Segment Start: DATASET EXTRACT

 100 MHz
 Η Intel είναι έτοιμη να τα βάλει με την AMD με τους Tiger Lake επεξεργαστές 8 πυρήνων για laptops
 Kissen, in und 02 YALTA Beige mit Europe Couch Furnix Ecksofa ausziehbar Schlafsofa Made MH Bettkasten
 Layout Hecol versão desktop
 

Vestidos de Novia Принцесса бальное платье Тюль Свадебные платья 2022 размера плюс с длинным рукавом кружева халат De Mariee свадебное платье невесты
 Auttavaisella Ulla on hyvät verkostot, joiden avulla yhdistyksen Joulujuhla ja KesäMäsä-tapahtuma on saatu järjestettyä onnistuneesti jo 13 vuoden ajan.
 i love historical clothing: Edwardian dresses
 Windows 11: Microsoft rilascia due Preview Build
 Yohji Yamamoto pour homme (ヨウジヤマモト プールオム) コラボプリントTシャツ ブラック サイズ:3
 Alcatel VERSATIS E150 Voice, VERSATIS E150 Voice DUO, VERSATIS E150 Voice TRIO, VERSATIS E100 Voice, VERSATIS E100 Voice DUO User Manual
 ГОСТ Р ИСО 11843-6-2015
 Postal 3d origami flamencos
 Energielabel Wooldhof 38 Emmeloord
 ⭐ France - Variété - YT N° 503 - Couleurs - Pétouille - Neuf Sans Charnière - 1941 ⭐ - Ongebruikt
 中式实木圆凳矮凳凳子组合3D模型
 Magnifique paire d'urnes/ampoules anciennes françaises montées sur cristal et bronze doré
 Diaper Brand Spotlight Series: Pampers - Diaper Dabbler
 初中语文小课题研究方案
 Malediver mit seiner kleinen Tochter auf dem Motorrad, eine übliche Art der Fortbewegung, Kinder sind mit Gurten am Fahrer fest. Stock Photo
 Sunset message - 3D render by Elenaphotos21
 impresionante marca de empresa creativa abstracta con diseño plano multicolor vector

Segment End: DATASET EXTRACT

- [EXERCISE GOAL]: A word-for-word transcription of the data above is required.

- [TASK RESPONSE]:
 100 MHz
 Η Intel είναι έτοιμη να τα βάλει με την AMD με τους Tiger Lake επεξεργαστές 8 πυρήνων για laptops
 Kissen, in und 02 YALTA Beige mit Europe Couch Furnix Ecksofa ausziehbar Schlafsofa Made MH Bettkasten
 Layout Hecol versão desktop
 

Vestidos de Novia Принцесса бальное платье Тюль Свадебные платья 2022 размера плюс с длинным рукавом кружева халат De Mariee свадебное платье невесты
 Auttavaisella Ulla on hyvät verkostot, joiden avulla yhdistyksen Joulujuhla ja KesäMäsä-tapahtuma on saatu järjestettyä onnistuneesti jo 13 vuoden ajan.
 i love historical clothing: Edwardian dresses
 Windows 11: Microsoft rilascia due Preview Build
 Yohji Yamamoto pour homme (ヨウジヤマモト プールオム) コラボプリントTシャツ ブラック サイズ:3
 Alcatel VERSATIS E150 Voice, VERSATIS E150 Voice DUO, VERSATIS E150 Voice TRIO, VERSATIS E100 Voice, VERSATIS E100 Voice DUO User Manual
 ГОСТ Р ИСО 11843-6-2015
 Postal 3d origami flamencos
 Energielabel Wooldhof 38 Emmeloord
 ⭐ France - Variété - YT N° 503 - Couleurs - Pétouille - Neuf Sans Charnière - 1941 ⭐ - Ongebruikt
 中式实木圆凳矮凳凳子组合3D模型
 Magnifique paire d'urnes/ampoules anciennes françaises montées sur cristal et bronze doré
 Diaper Brand Spotlight Series: Pampers - Diaper Dabbler
 初中语文小课题研究方案
 Malediver mit seiner kleinen Tochter auf dem Motorrad, eine übliche Art der Fortbewegung, Kinder sind mit Gurten am Fahrer fest. Stock Photo
 Sunset message - 3D render by Elenaphotos21
 impresionante marca de empresa creativa abstracta con diseño plano multicolor vector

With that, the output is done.